◆ **Source data**
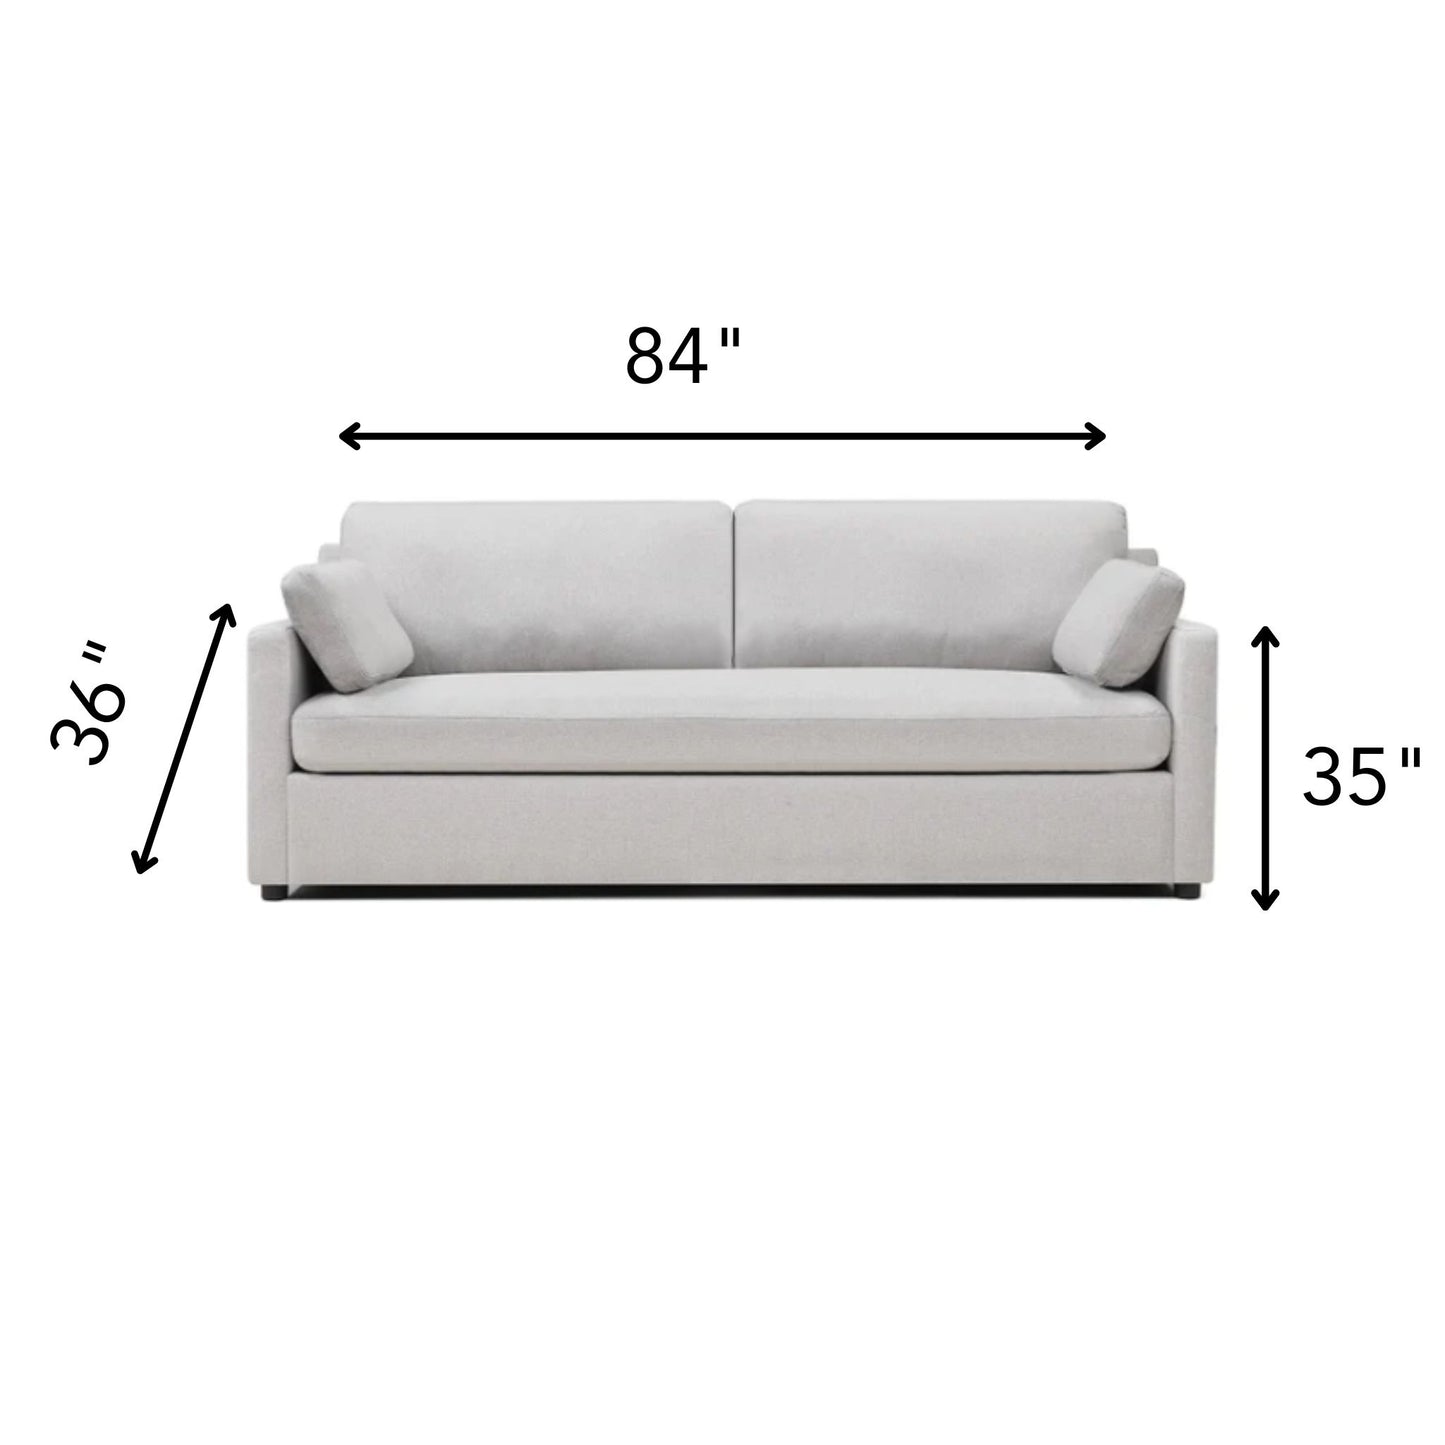 LUXE Upholstered Sofa Light Grey
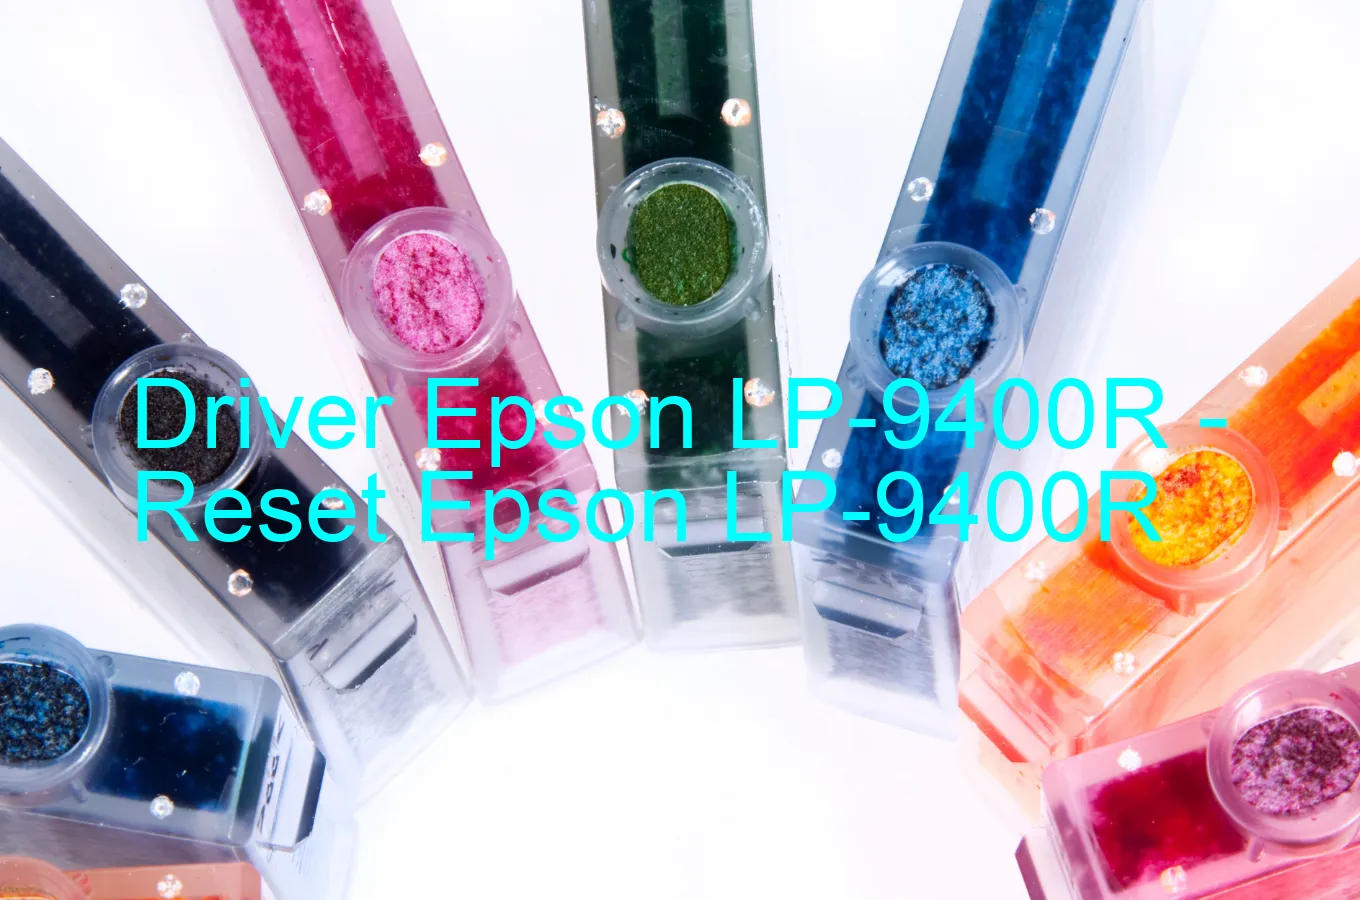 Epson LP-9400Rのドライバー、Epson LP-9400Rのリセットソフトウェア
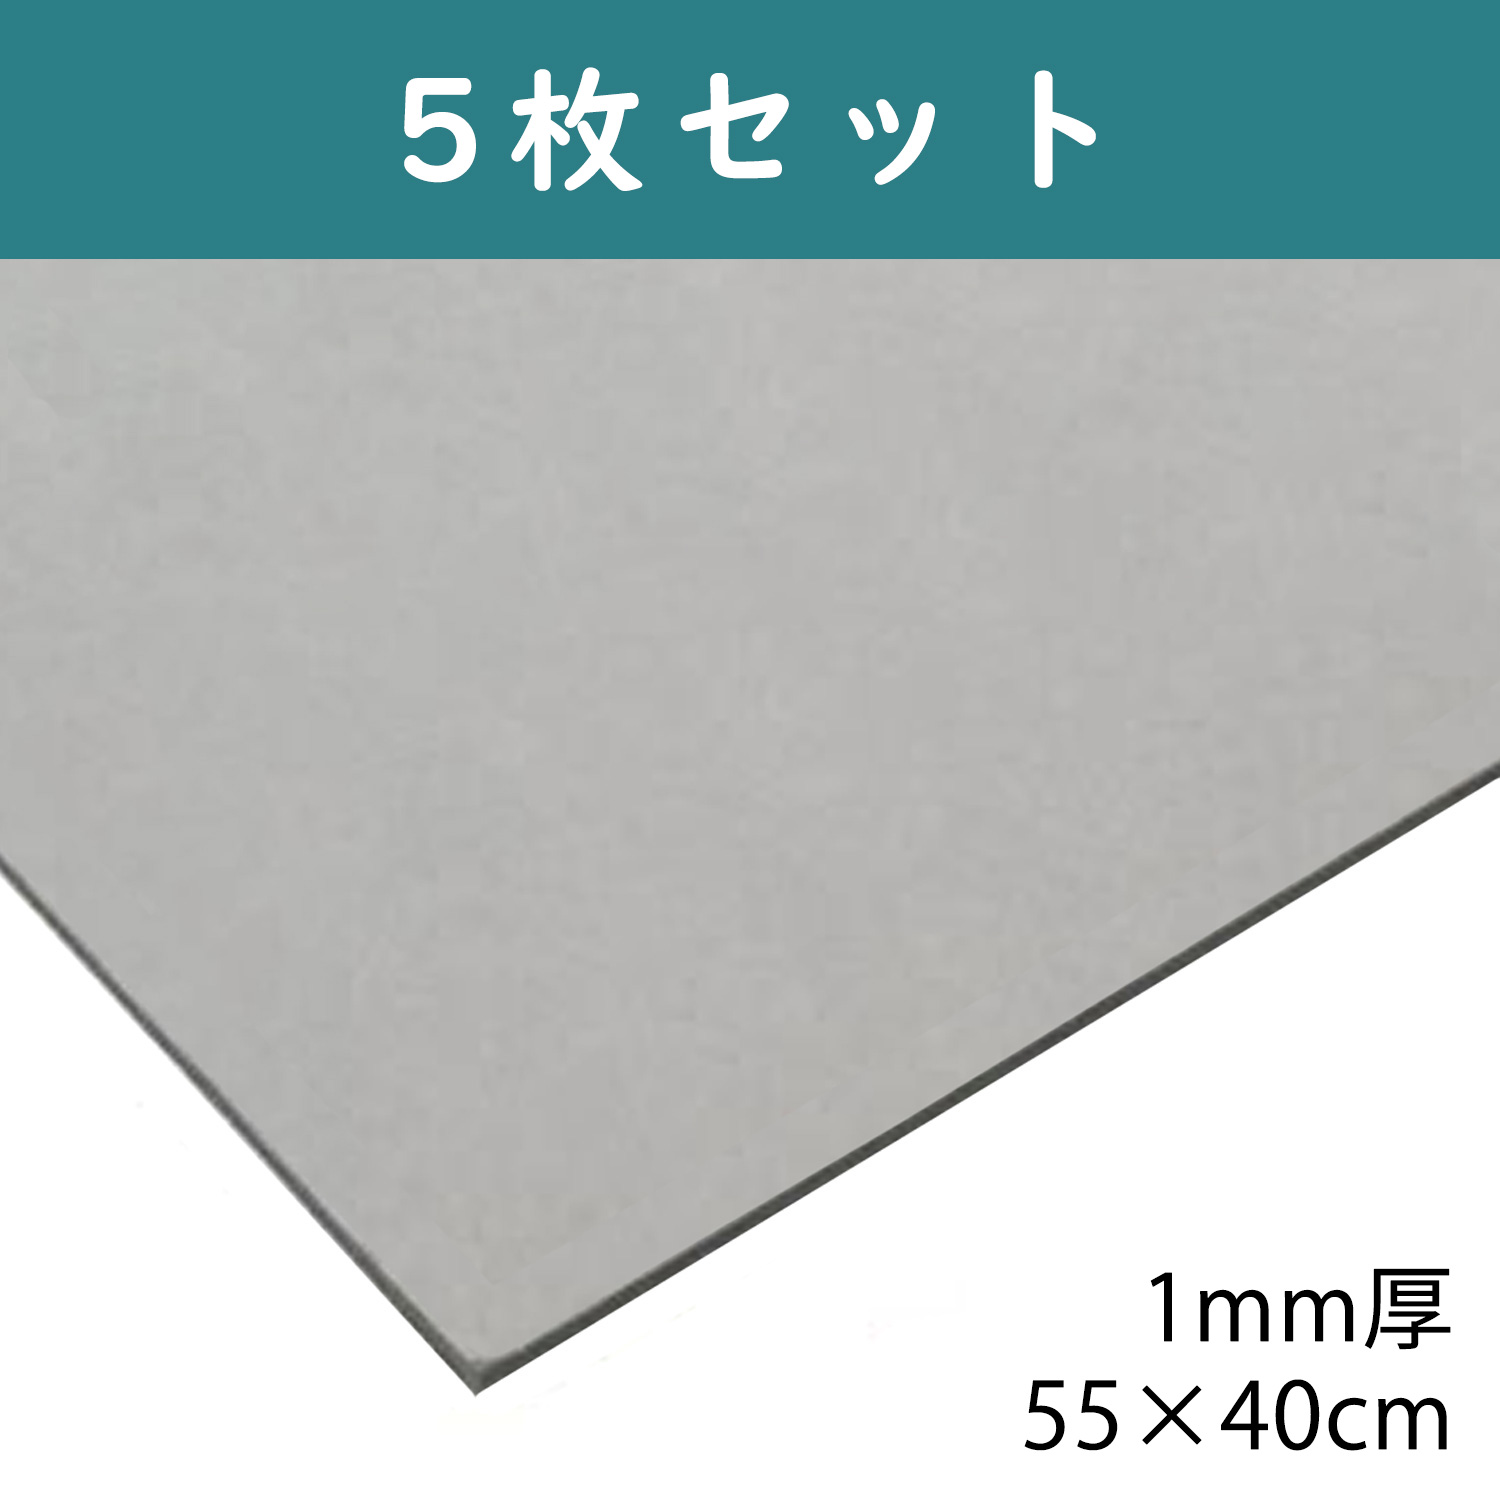 CTN4 グレー厚紙 1mm厚 55×40cm 5枚入 (袋)

◆ **Brief**
What you return should be the full listing, unchanged, minus the pictures.

◆ **Reply to the task**
 LUXE Upholstered Sofa Light Grey
 Epson LP-9400Rのドライバー、Epson LP-9400Rのリセットソフトウェア
 CTN4 グレー厚紙 1mm厚 55×40cm 5枚入 (袋)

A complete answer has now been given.